Malware crew Stargazers Goblin used 3,000 GitHub accounts to make bank
May even have targeted other malware gangs, and infosec researchers
Infosec researchers have discovered a network of over three thousand malicious GitHub accounts used to spread malware, targeting groups including gamers, malware researchers, and even other threat actors who themselves seek to spread malware.
The research, penned by Antonis Terefos of Check Point Software, named the collection of GitHub accounts "Stargazer Ghost Network" and asserted it's operated by a threat actor the cyber security firm labelled "Stargazer Goblin."
Whatever it's called, the motley crew behind this effort has adopted two novel tactics.
One is phishing without email. Terefos opined that email is viewed with suspicion, so Stargazer Goblin posts nasty links on services such as Discord. Targets are folks who "wanted to increase their 'followers audience' in Twitch, Instagram, YouTube, Twitter, Trovo, and TikTok or use other tool-related features for Kick Chat, Telegram, Email, and Discord."
If those targets click on a link, they encounter Stargazer Goblin's second evil innovation: a network of deceptively harmless GitHub accounts.
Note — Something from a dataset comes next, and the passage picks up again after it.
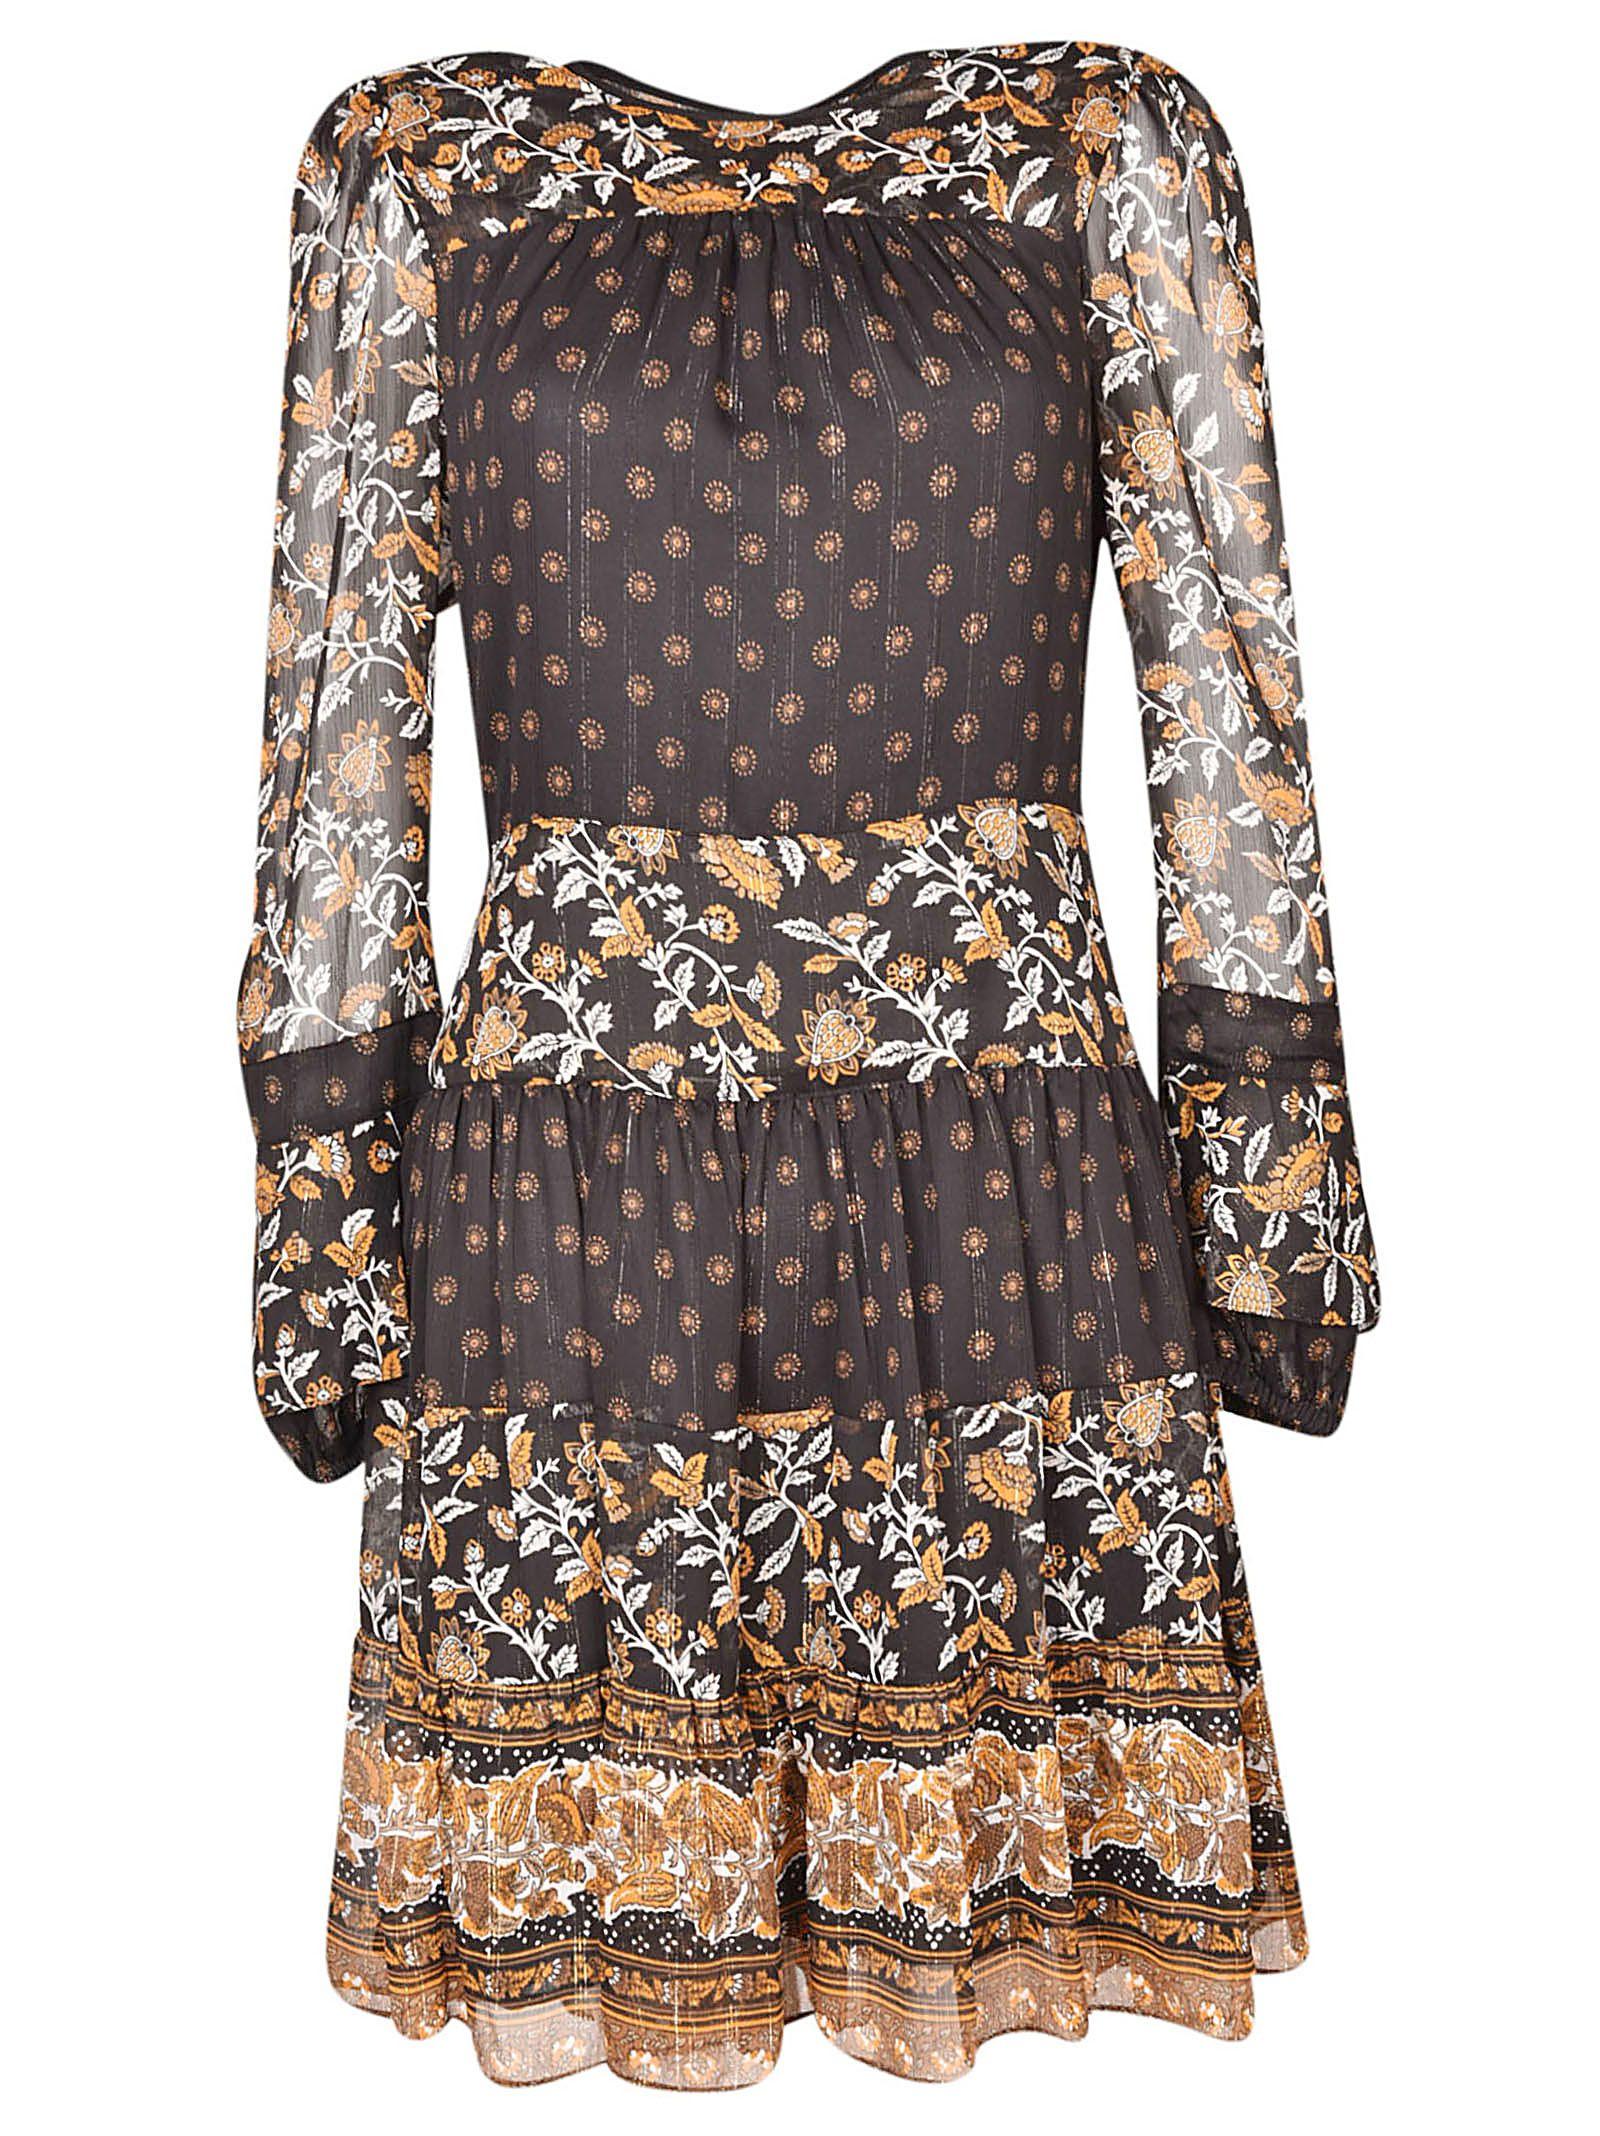 Border Woven Dress, 795.Black/Marigold

In reality the accounts perform discrete functions that help spread malware, but aren't so obviously evil that the coding collaboration service shuts them down.
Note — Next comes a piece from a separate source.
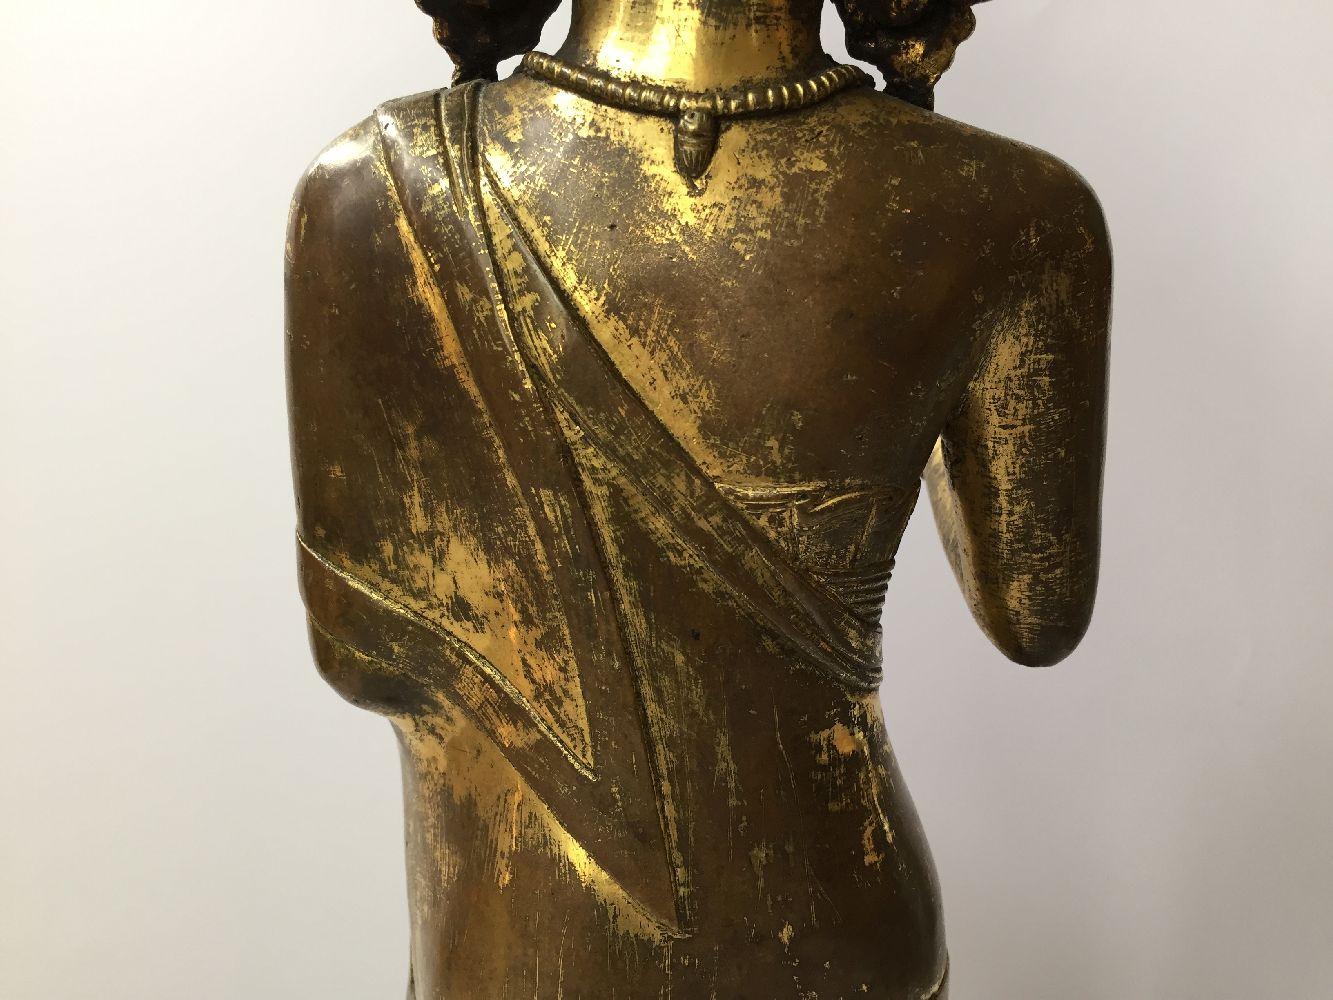 A large Sino-Tibetan gilt bronze standing figure of Avalokiteshvara, 17th century, the right hand is - Image 2 of 16

Some of them are even starred or verified by other GitHub accounts, giving them an air of legitimacy.
But they contain danger. The researcher observed some of repositories contained a README.md
file containing "a phishing download link that does not even redirect to the repository's own releases. Instead, it uses three GitHub Ghost accounts with different 'responsibilities'."
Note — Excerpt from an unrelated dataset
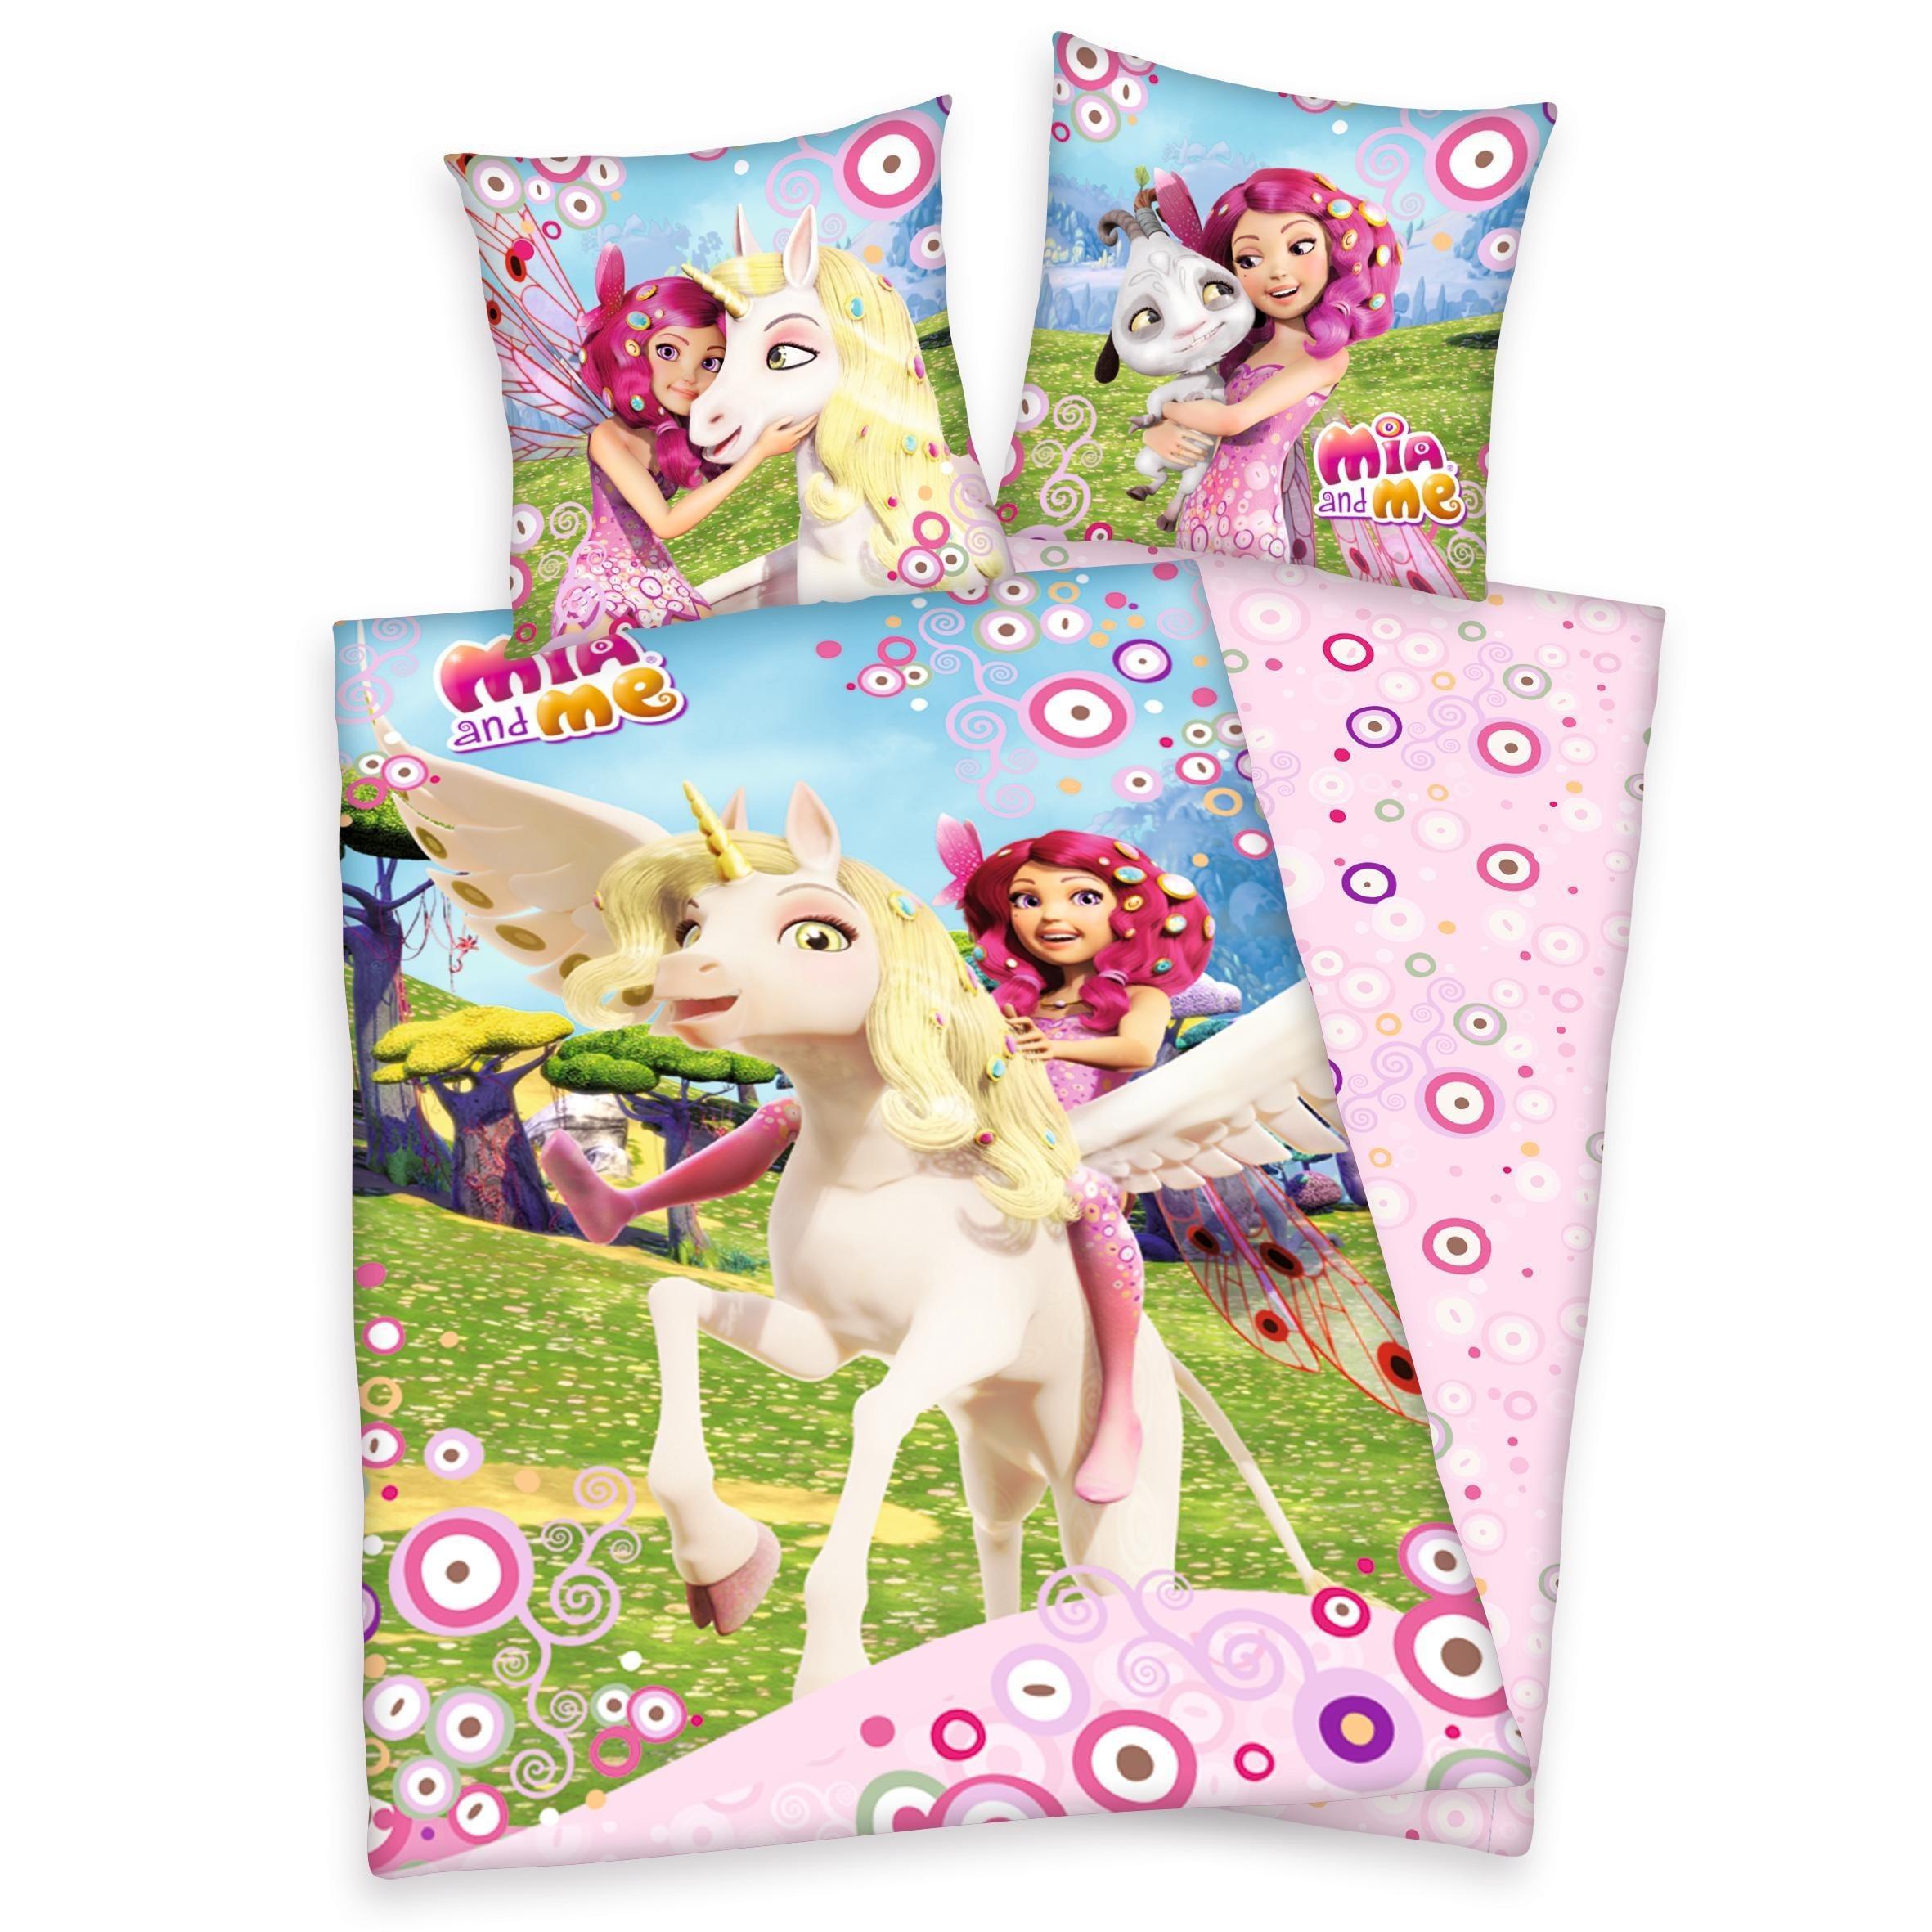 Kinderbettwäsche »Centopia«, mit Kreisen | Kinderzimmer > Textilien für Kinder > Kinderbettwäsche

- The first account serves the "phishing" repository template;
- The second account provides the "image" used for the phishing template;
- The third account serves malware as a password-protected archive in a Release.
And when victims access that archive … you know what comes next.
- GitHub struggles to keep up with automated malicious forks
- Over 170K users caught up in poisoned Python package ruse
- Luca Stealer malware spreads rapidly after code handily appears on GitHub
- Cryptojackers steal AWS credentials from GitHub in 5 minutes
The multi-account structure means Stargazer Goblin can "quickly 'fix' any broken links that may occur due to accounts or repositories being banned for malicious activities," Terefos wrote. It also means the network can quickly replace compromised components, probably using automation meaning takedowns of dangerous accounts don't disrupt malware-distribution operations.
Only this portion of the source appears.